Albuquerque’s pre-eminent economist Lee Reynis has no particular affinity for numbers; it’s people she’s curious about.
And meandering trails. And what that mountain over there would be like to climb. And what makes one Nepal village different from its neighbor. And how to sketch a person just so.
Reynis, who found her New England blood ran truer in the mountain West, is in so many ways more Georgia O’Keeffe than one might expect of the director of UNM’s Bureau of Business and Economic Research.
Yes, there’s the coarse silver hair pulled back in a loose bun and the naturally tanned face and high cheek bones. And you can’t miss the bright orange scarf slung artfully over her shoulders. But the comparison also meets at the soul.
Raised in a rural, mostly white Massachusetts town, Reynis’ independence and appetite for the world became apparent not far from her family’s house on the lake.
“I always wanted to wander off. We’d go down the highway, and I’d say, ‘I want to take that trail into the woods,’ ” Reynis said of her memories as an only child.
It was that same yearning to go beyond that would later draw her to the country’s opposite side.
Reynis was in graduate school in Ann Arbor, Mich., when a friend talked her into going skiing in Wyoming. She had never been West, and white-out snow conditions made seeing it impossible. Until “the last day that we were there, the clouds lifted and I could see in the distance the Wind River Range, which is beautiful. And I thought, those are the mountains, those are what I want. That’s what I really want to do. I want to go and climb mountains like that.”

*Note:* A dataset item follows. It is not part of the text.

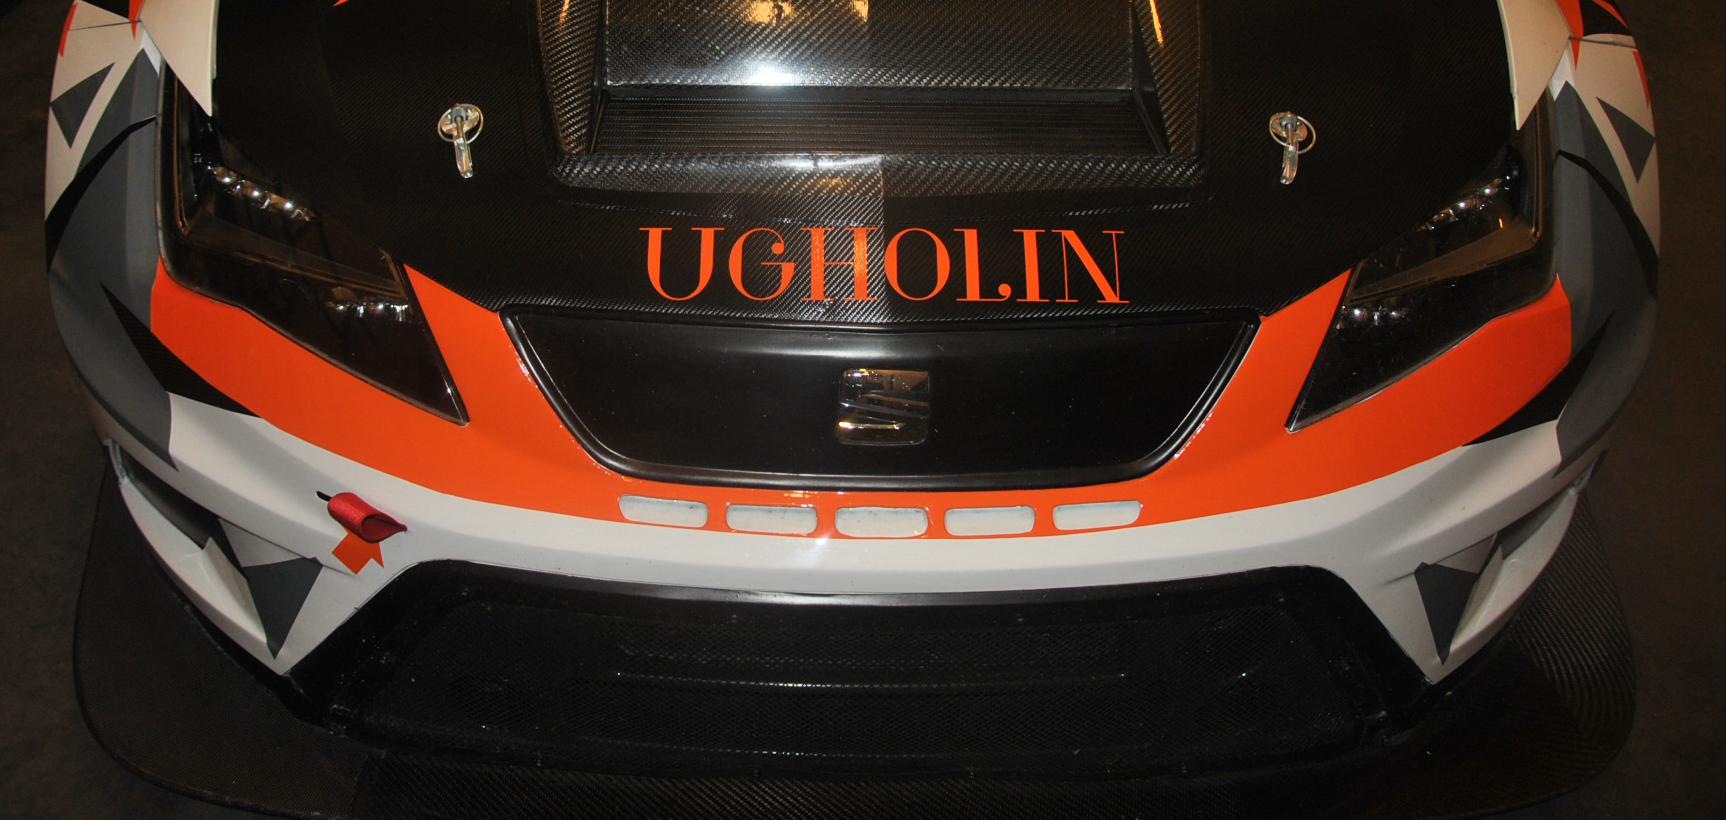 La Seat Leon Cup Racer aux couleurs de Ugholin mode homme

Q : How did you end up here?
A: When I left Michigan, I decided if I was going to get an academic job, there were two places I would think of. One was New York City and the other was out West, the mountain West. So the job that I had really wanted in New York at Brooklyn College disappeared, ... and I got a job offer at the University of Utah so I went to the University of Utah (about 1975, teaching economics). So I’ve been rattling around (the West) for a long time.
Q: Were you always a numbers person, or what is it about the subject you find interesting ?
A: I don’t think it was a numbers fascination. I think I was always kind of interested in what made society tick. And I think I became aware at an early age that economics sort of mattered in terms of people’s lives and what their options were. So I think that was a real motivation to do that. I always found it was the stuff on the fringes that was really interesting. Like I wrote my undergraduate thesis on an African common market. ... So I never could kind of keep myself just in the narrow boundaries. I always wanted to expand out, understand more.
Q: How does your current position foster that?
A : I feel like I have a need to do stuff that is practical, that addresses problems, which is why I like this job. ... I have a real commitment to putting good information out there to help people make decisions. (The bureau has) done three studies for Santa Fe on the living wage and what are the impacts of the living wage. These are things that I think are really interesting projects. We did a study on arts and cultural industries for Santa Fe. We did a similar study for Albuquerque and Bernalillo County. We also develop methodologies and databases for doing population estimates, essentially to estimate all the different geographies that the Census Bureau would estimate and also to do projections of populations. We have just come out with a new set of population projections that go through 2035.
Q: You mentioned two art-related projects and have said how much you like visiting galleries and hearing live music. Do you paint or anything as a hobby?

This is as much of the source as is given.